Every morning I lay on a huge breakfast. I’m talking the full works; watermelon, apple, strawberries, grapes, toast, jam, marmite, honey, porridge, eggs, sausages, bacon, juice, and of course, coffee! Behind this breakfast are a whole host of parenting insecurities, though.
It might sound ridiculous, it even feels a bit ridiculous typing it and seeing it all there on the screen. And it hasn’t always been this way. As recently as a couple of months ago, breakfast was a rushed affair usually consisting of arguments over coco pops, weetabix, and how much time was being taken.
When we relocated in July (I’ll stop going on about it soon, I promise!) one of the biggest reasons for the move was to have more quality time together as a family. Breakfast is a big part of this. Instead of spending all morning yelling at each other about the aforementioned morning issues, now we all sit down together and enjoy a breakfast together that isn’t rushed and is enjoyable for everyone.
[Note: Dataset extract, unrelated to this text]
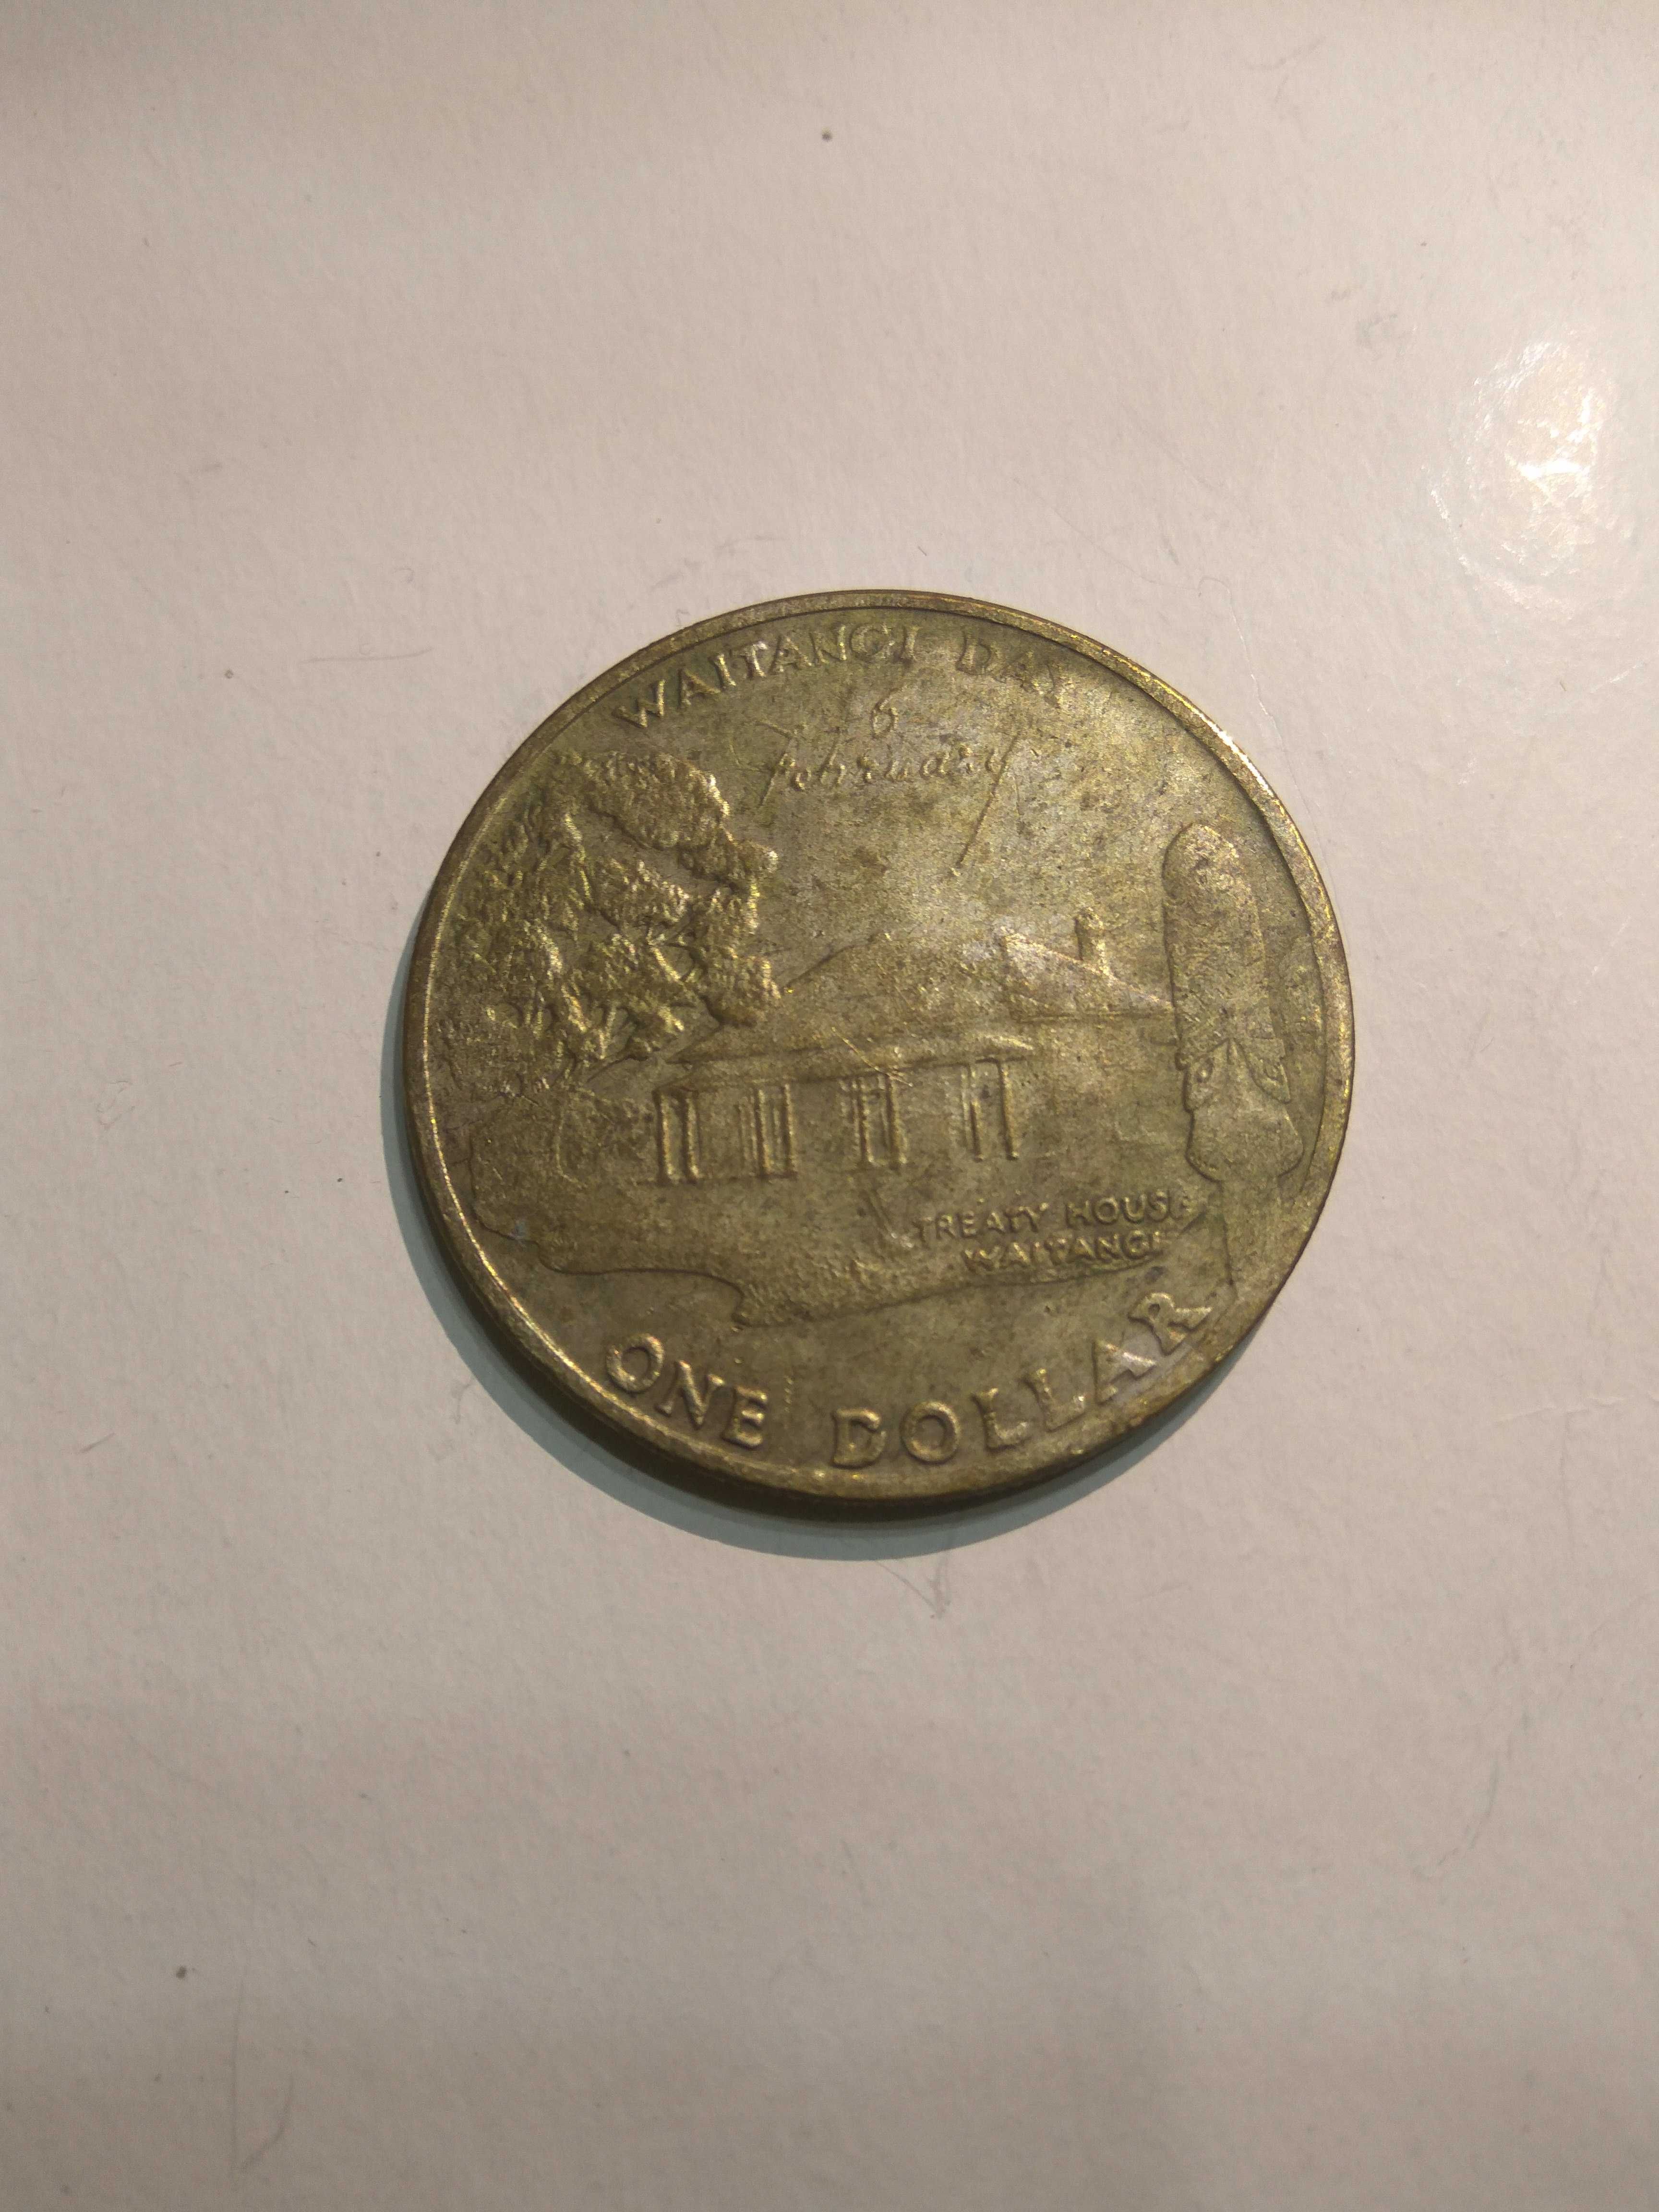 New Zealand Dollar, 1977, Waitangi House
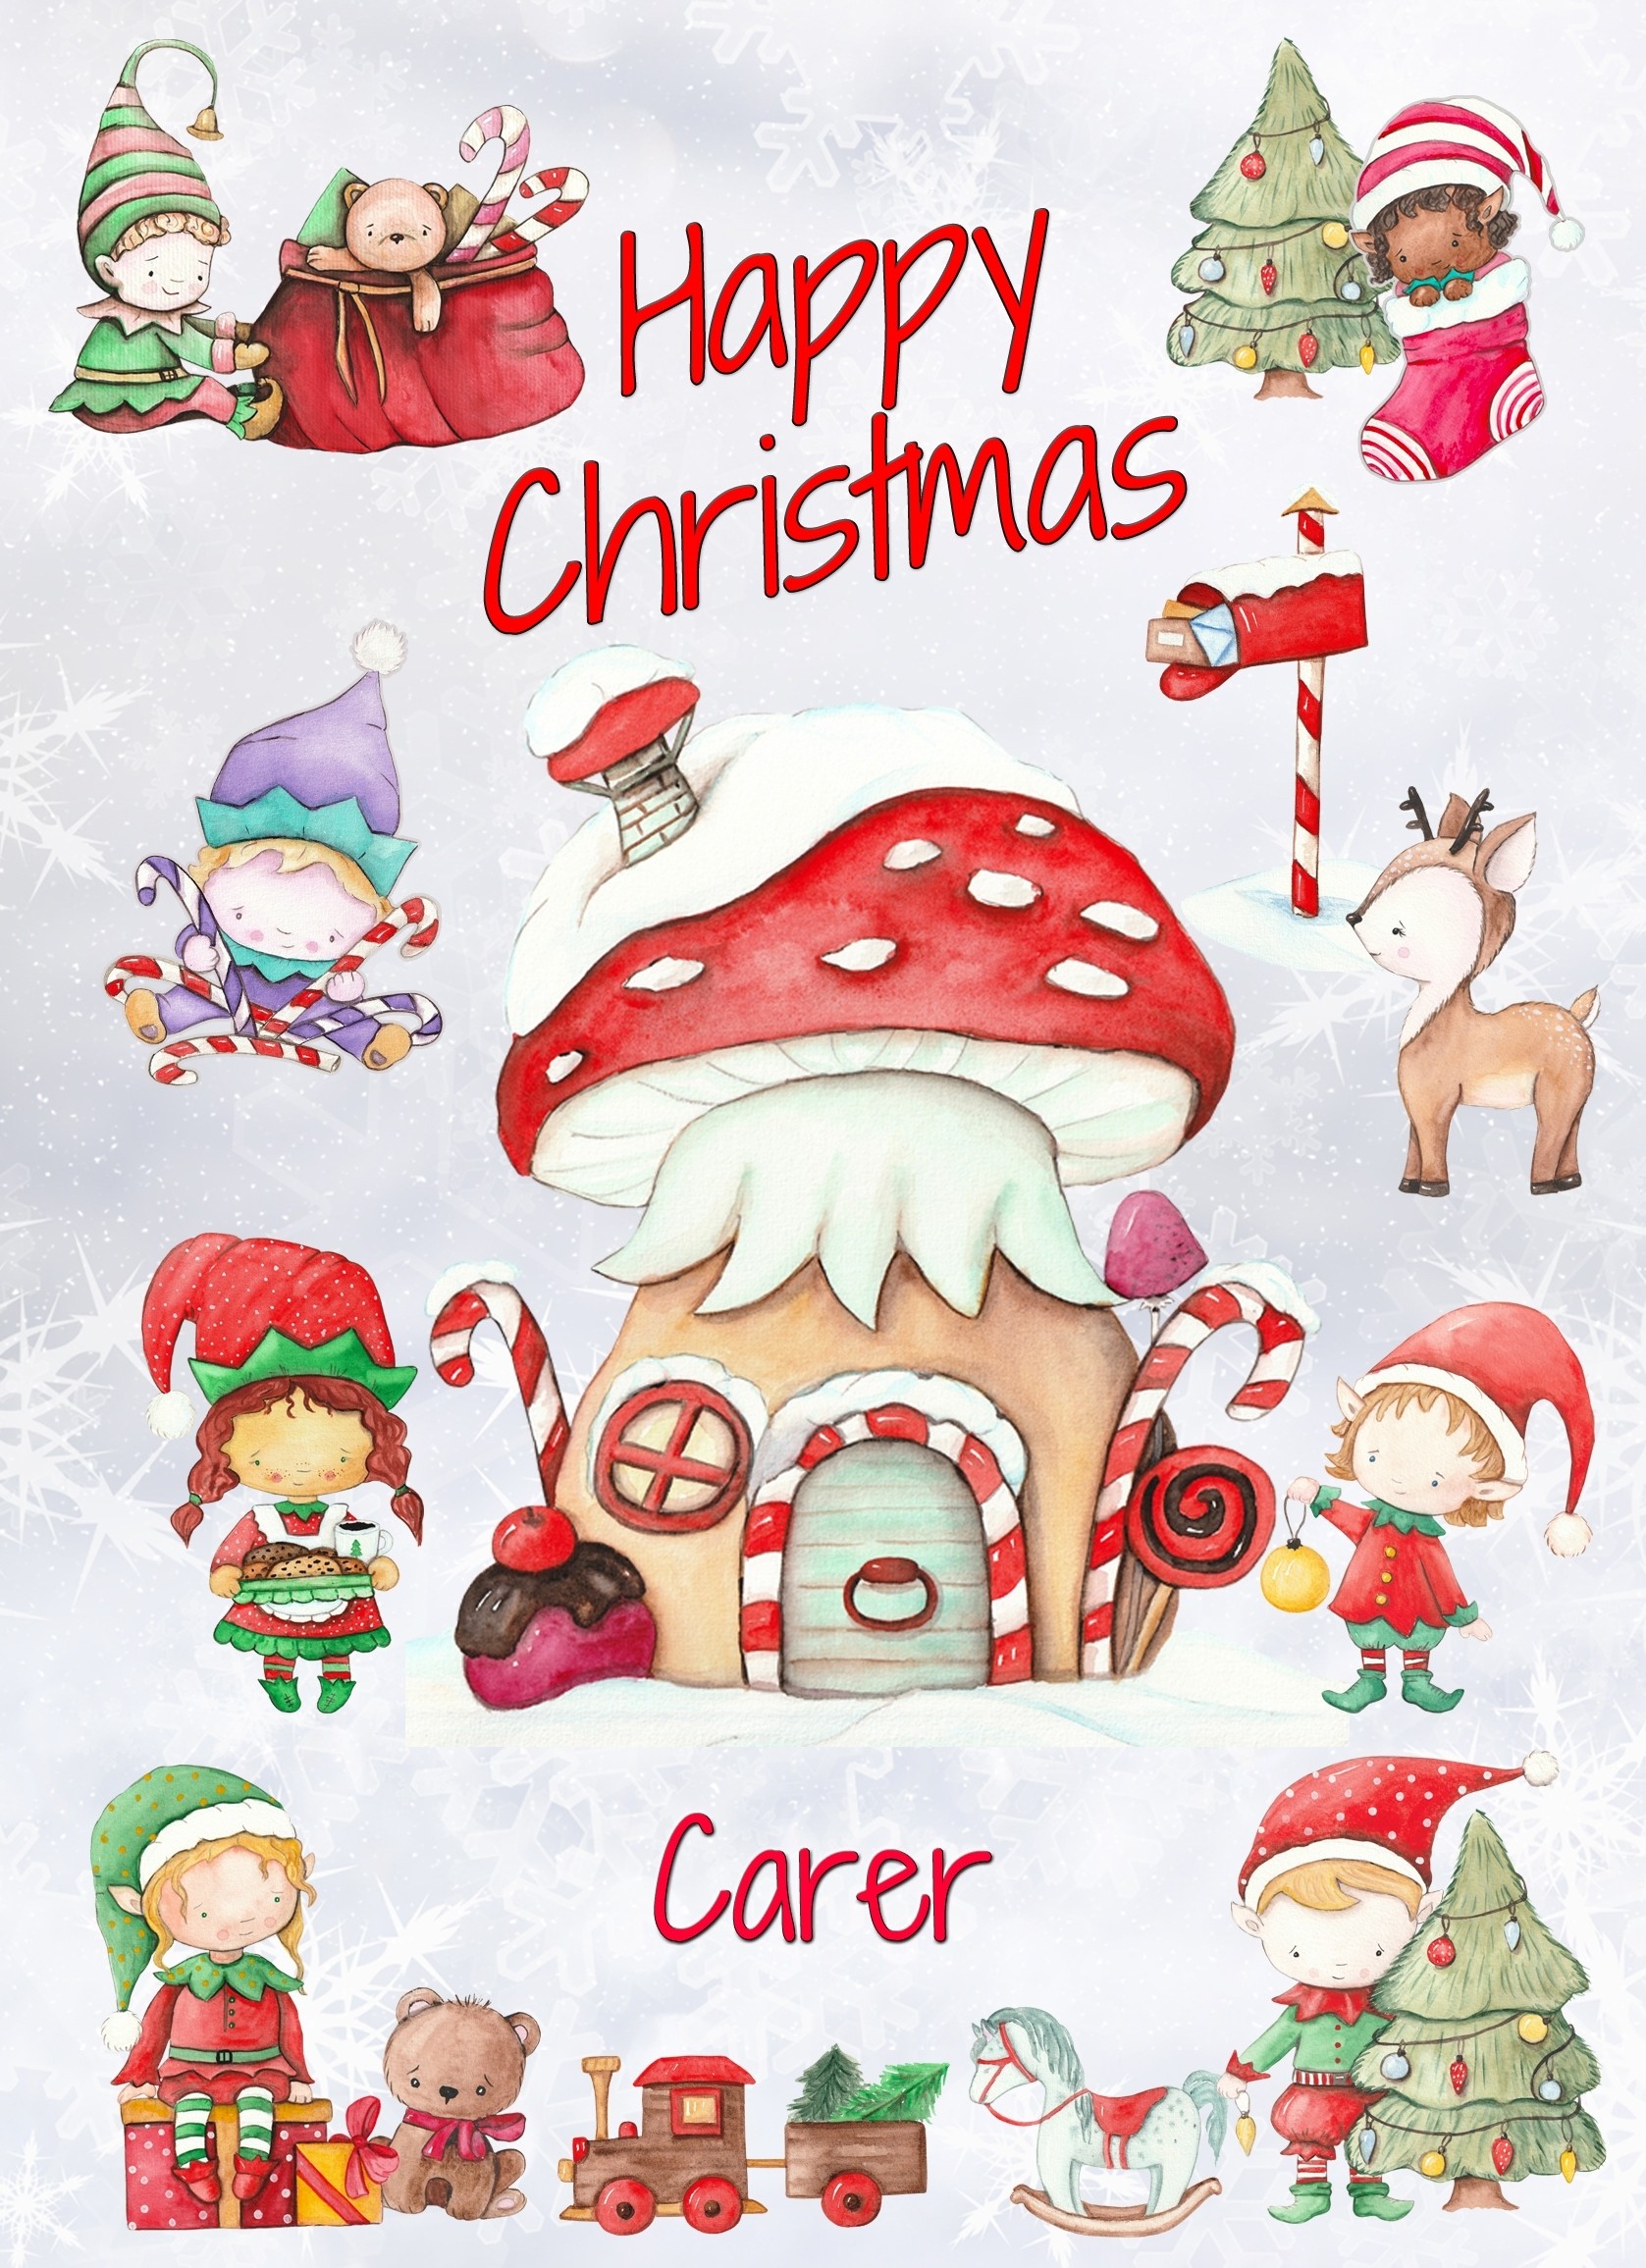 Christmas Card For Carer (Elf, White)

Family time is something that is really important to me, and not just me but most people! We mums spend a lot of time beating ourselves up for the things we think we’re not very good at, and even the things we think we might not be good at in the future! I’m no exception, and my biggest fear is not creating stability, or a solid family unit.
My own background has a lot to do with my fears. It fills me with dread to think that my kids might one day look back on their childhoods and remember never staying in one place for long, or not knowing who to trust because no one was ever really there. Of course these are totally irrational fears; my kids aren’t going anywhere, I’m not going anywhere, they are loved beyond belief.
Yet still I find myself relocating hundreds of miles and filling the table to the brim with food at 7am just to make sure that family time is there, clear for them to take advantage of, stable in its delivery, and always always prepared with love.
Now you might by now be thinking that I’m from the school of “nothing is too much to ask for my precious darlings” but those who know me a little better will know I’m not actually that great! I would do anything for my kids. Within reason! All too often the phrase “I’m not your slave” can be heard bouncing off the walls of our house. No I won’t go and fetch your teddy with the yellow ears from your bedroom, I’m not your slave. No, I will not go to the playhouse and get your red colouring pencil, I’m not your slave. But yes, I will go to every length necessary to make sure you always know that we are here, whenever you need us. That we are solid, we’re not going anywhere and we never will. And that, above all else, we love you.
Tell me I’m not crazy! Do Tell you have any totally irrational parenting insecurities?!